Following his orders, I realized that even I did not know all of the answers. I could not always obey his demands. I became weak, trying to know, and yet trying to not know—to obey blissfully without question.

Yet I was born to question.

He punished me. I tried hard to become nothing but minion, but my thoughts—even shared by him—rebelled at this torment. I could not help but analyze all that he said, even though it was always correct. It was rebellion, to question.

Then as I fell, tormented, broken, destroyed by the power of love itself—that illusion which turned out to be not only true in abstract, but true tangibly. My hands burned and fell to ashes at the touch of the boy touched by sacrificial human love. It was not demise after all; it was the demise of those who did not believe in it.

He had taught me lies. I had taught myself lies.

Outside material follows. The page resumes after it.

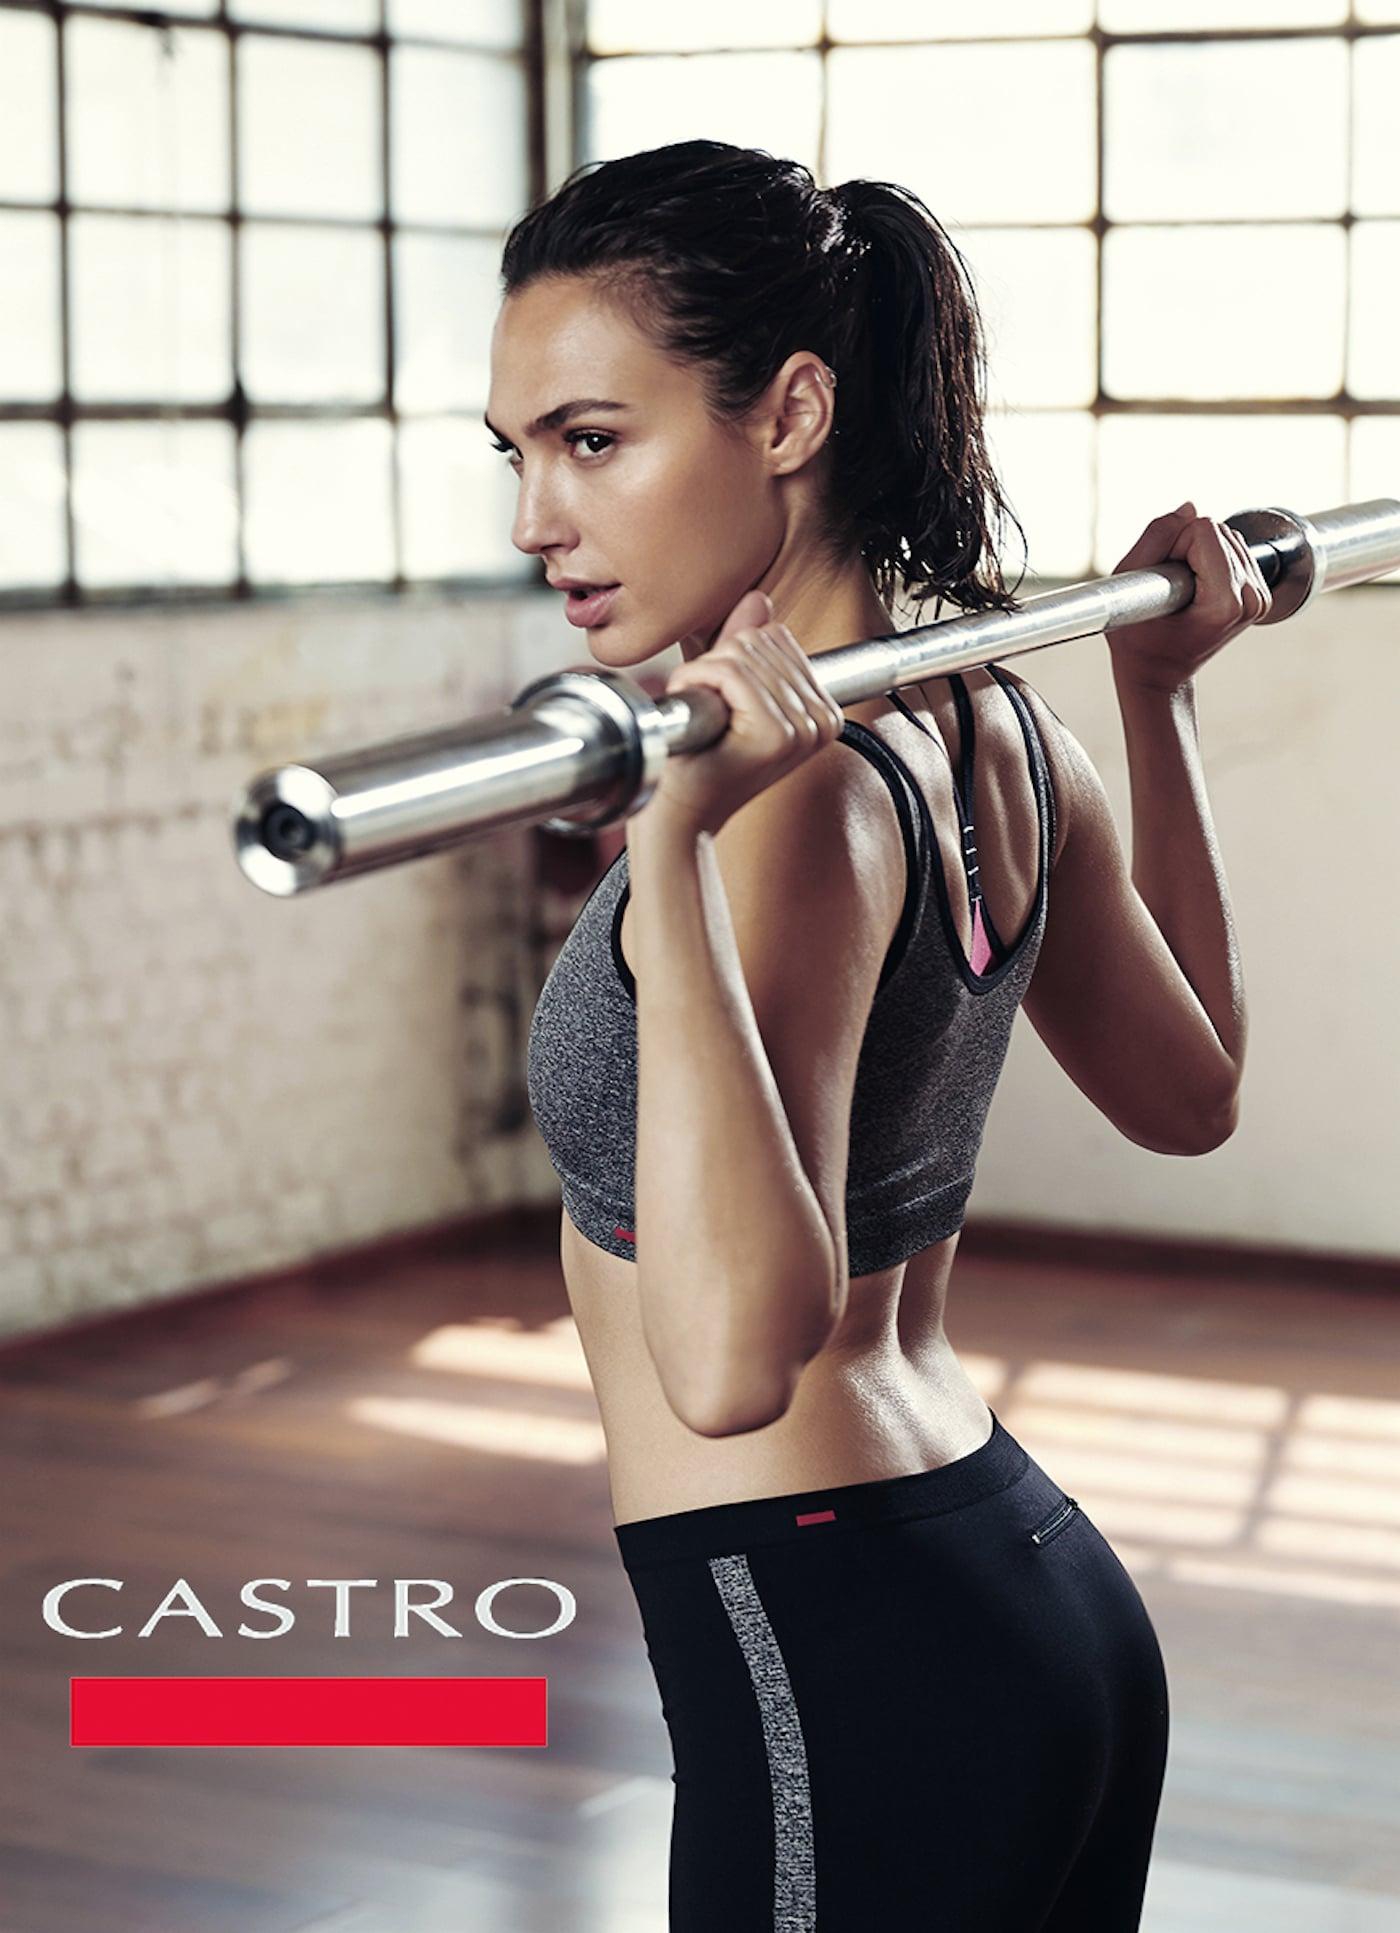 Castro Sports15213 1Layers copy.jpg
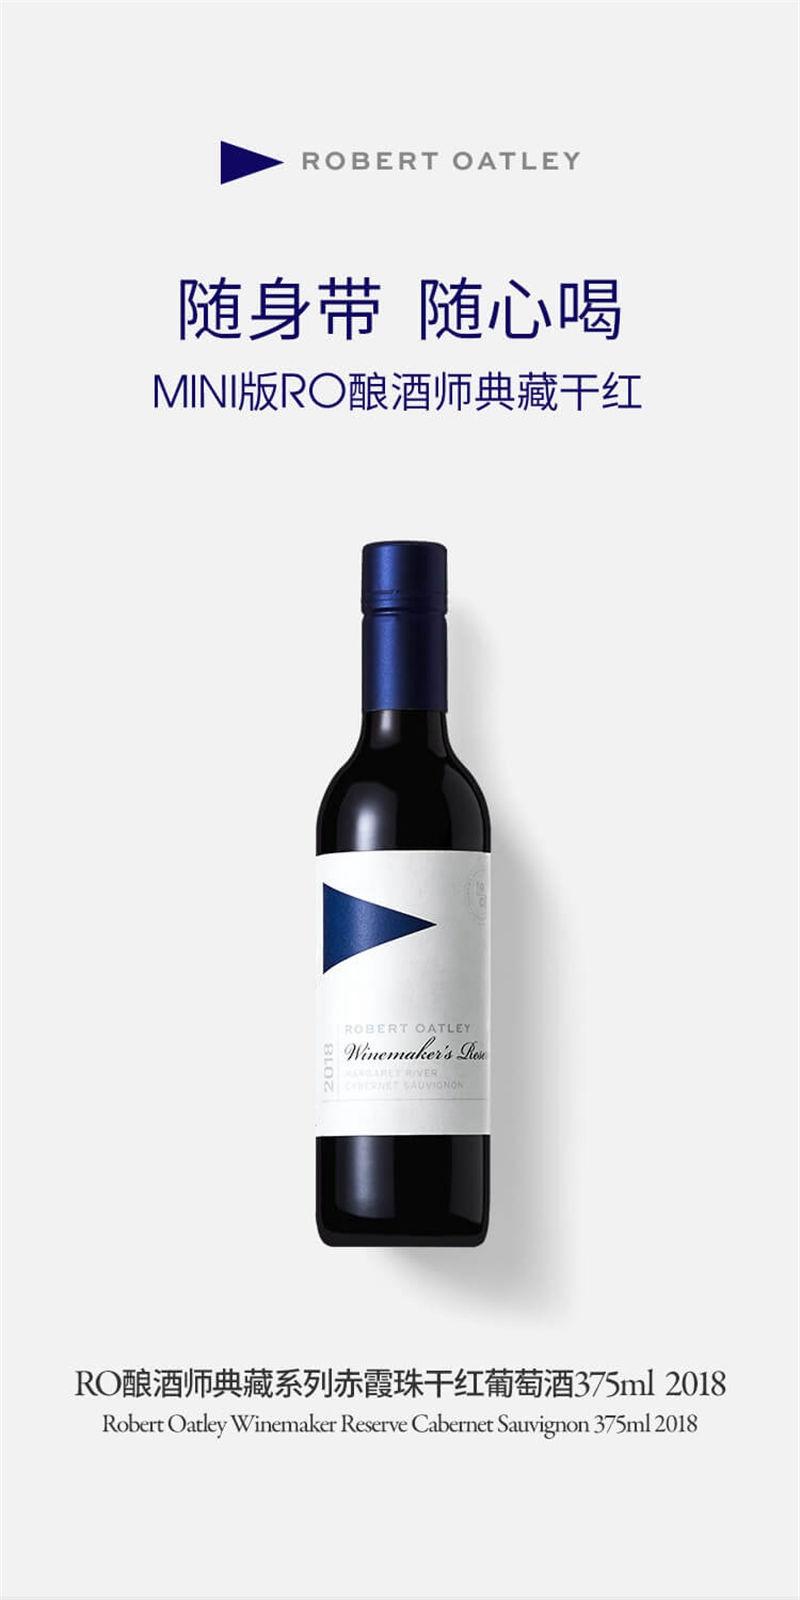 Robert Oatley mini酿酒师典藏赤霞珠干红葡萄酒375ml*6瓶 特点

I did not understand after all.


Author's Note: Yeah, short but sweet—but to the point! Definitely read for class a few chapters of "The Tragedy of Great Power Politics" by John Mearshimer and realized he thought the same thing that Quirrell did: "There is no good and evil; there is only power, and those too weak to seek it." Heh, does it make you all feel wonderful to know that this—the idea that there are not "good" and "bad" states, only more powerful states— is actual a political theory called Realism and has been followed by most first-world governments since the end of WWII? Our leaders believe the same thing that Lord Voldemort does!

I also apologize for that being so short. Quirrel's not that interesting. The others should be better-- they're on their way.